The required output holds only the lines from the one containing "Hikerdelic x Flower" through the end of the material below, copied exactly, please, with no pictures.
------ DATASET CONTENT ------
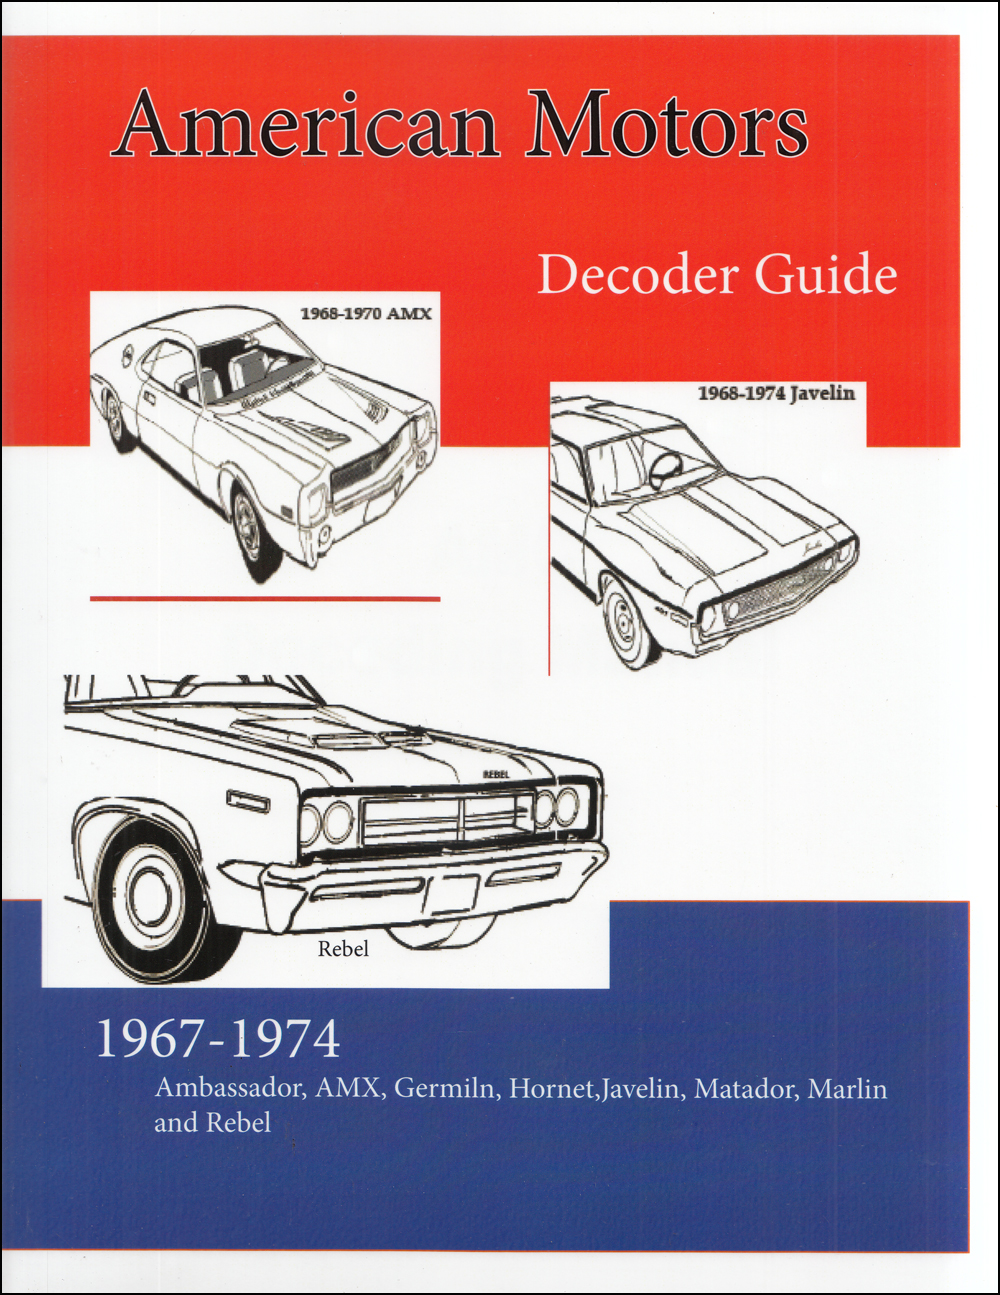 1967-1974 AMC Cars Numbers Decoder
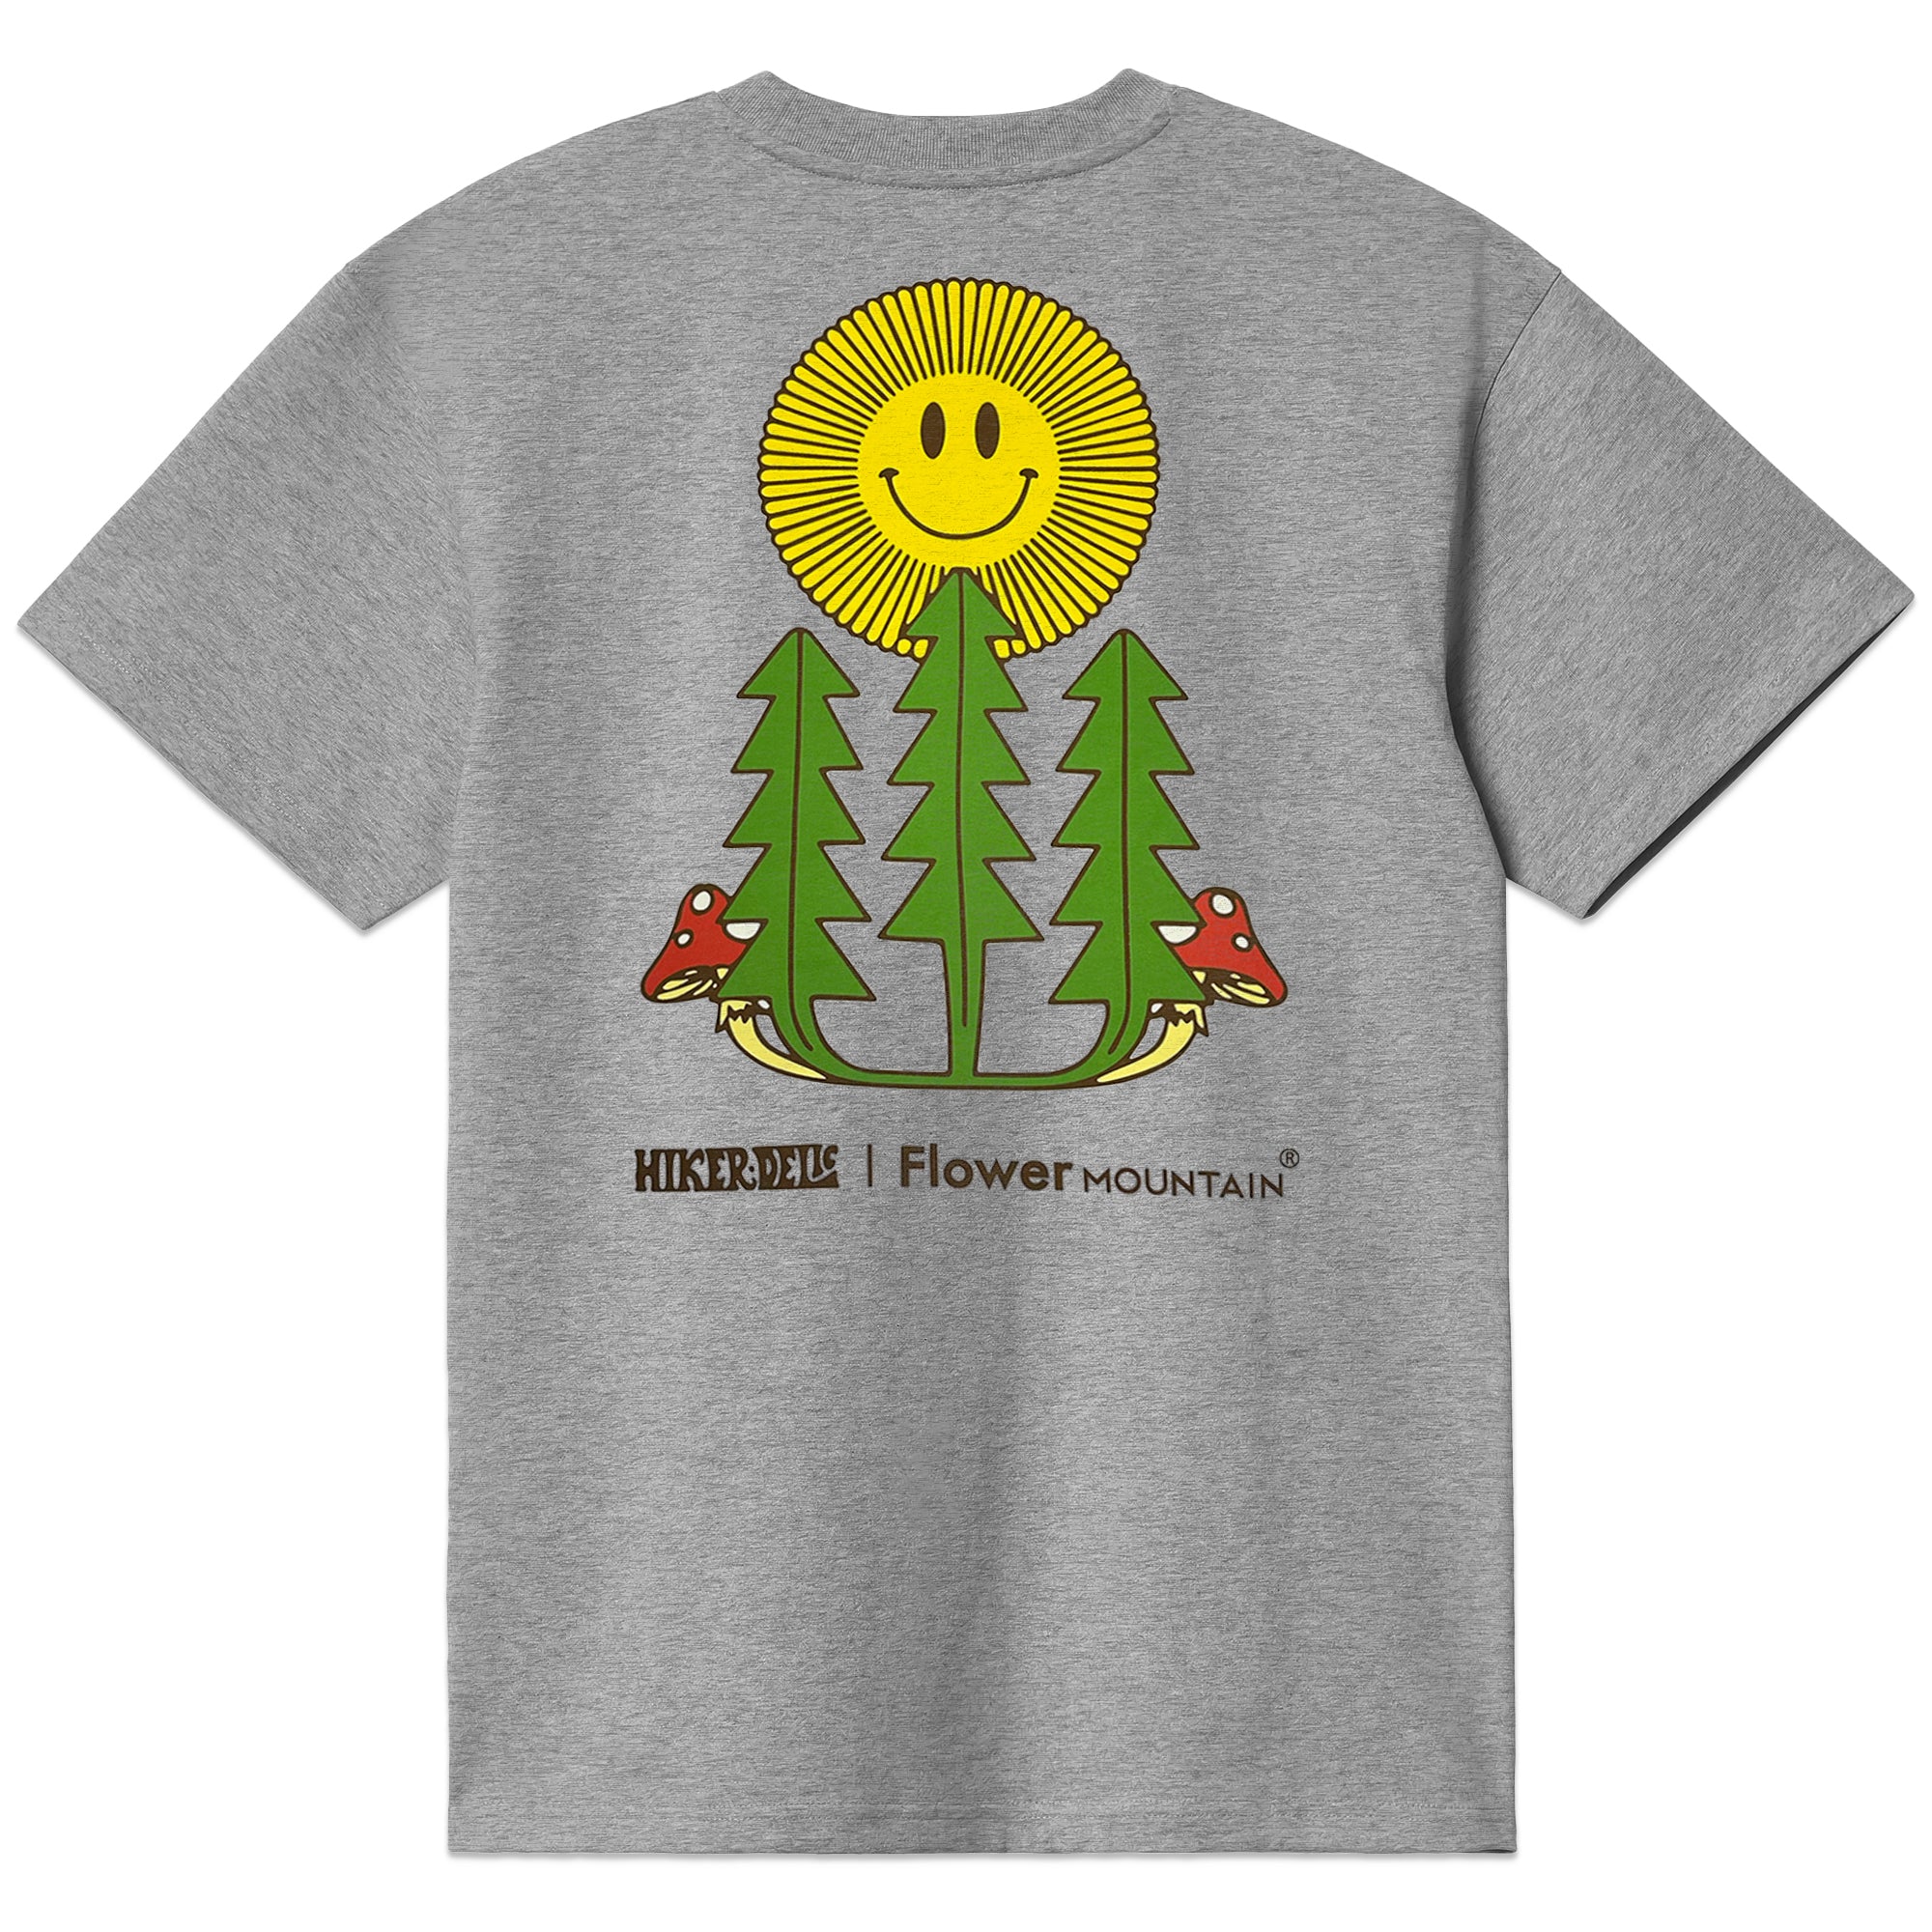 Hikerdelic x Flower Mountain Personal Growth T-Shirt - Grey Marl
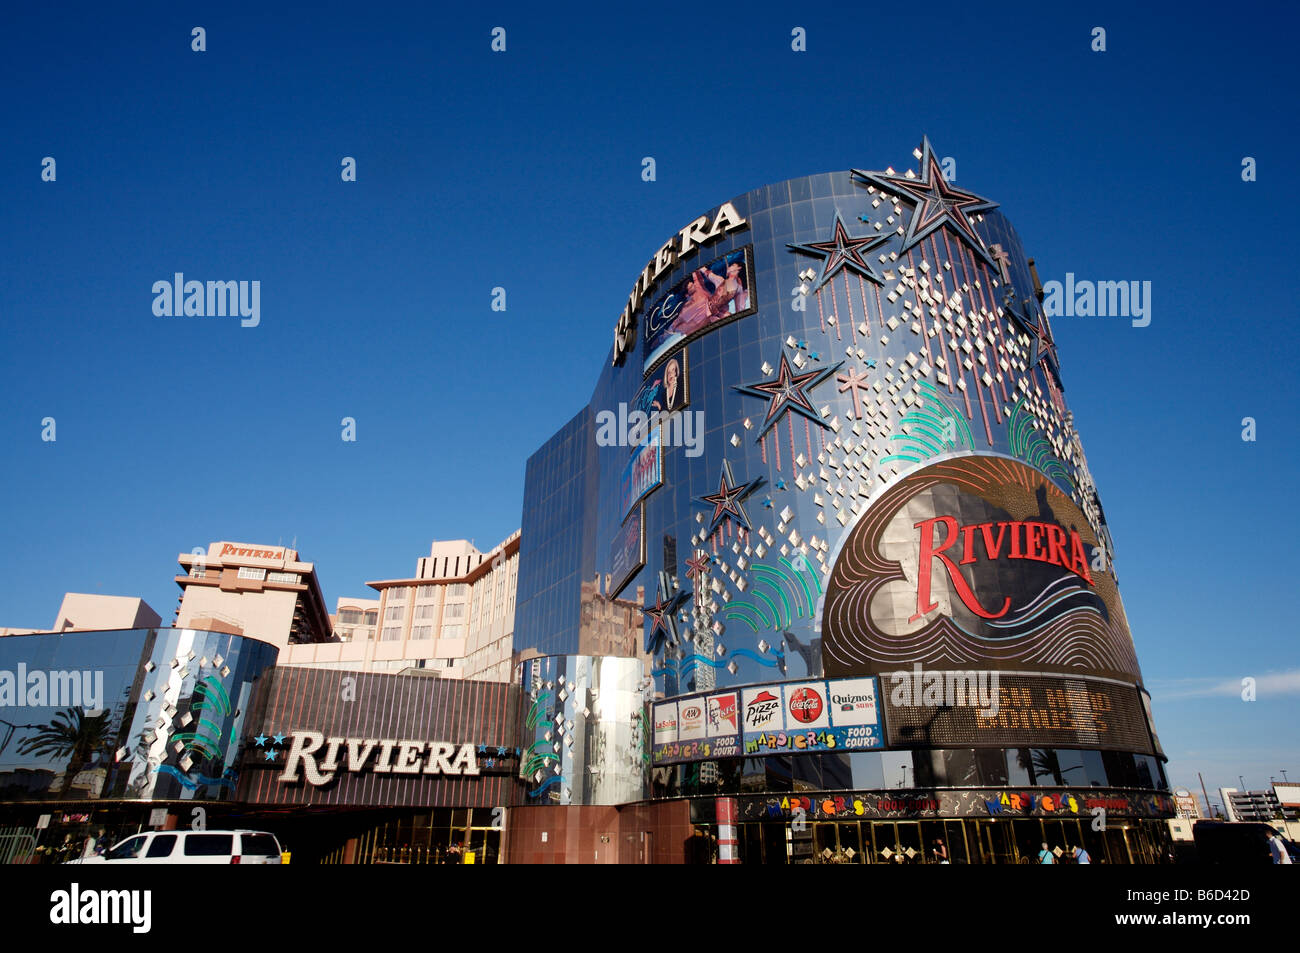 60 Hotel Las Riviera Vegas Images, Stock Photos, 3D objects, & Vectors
------
▶ _RESPONSE AREA_
 Hikerdelic x Flower Mountain Personal Growth T-Shirt - Grey Marl
 60 Hotel Las Riviera Vegas Images, Stock Photos, 3D objects, & Vectors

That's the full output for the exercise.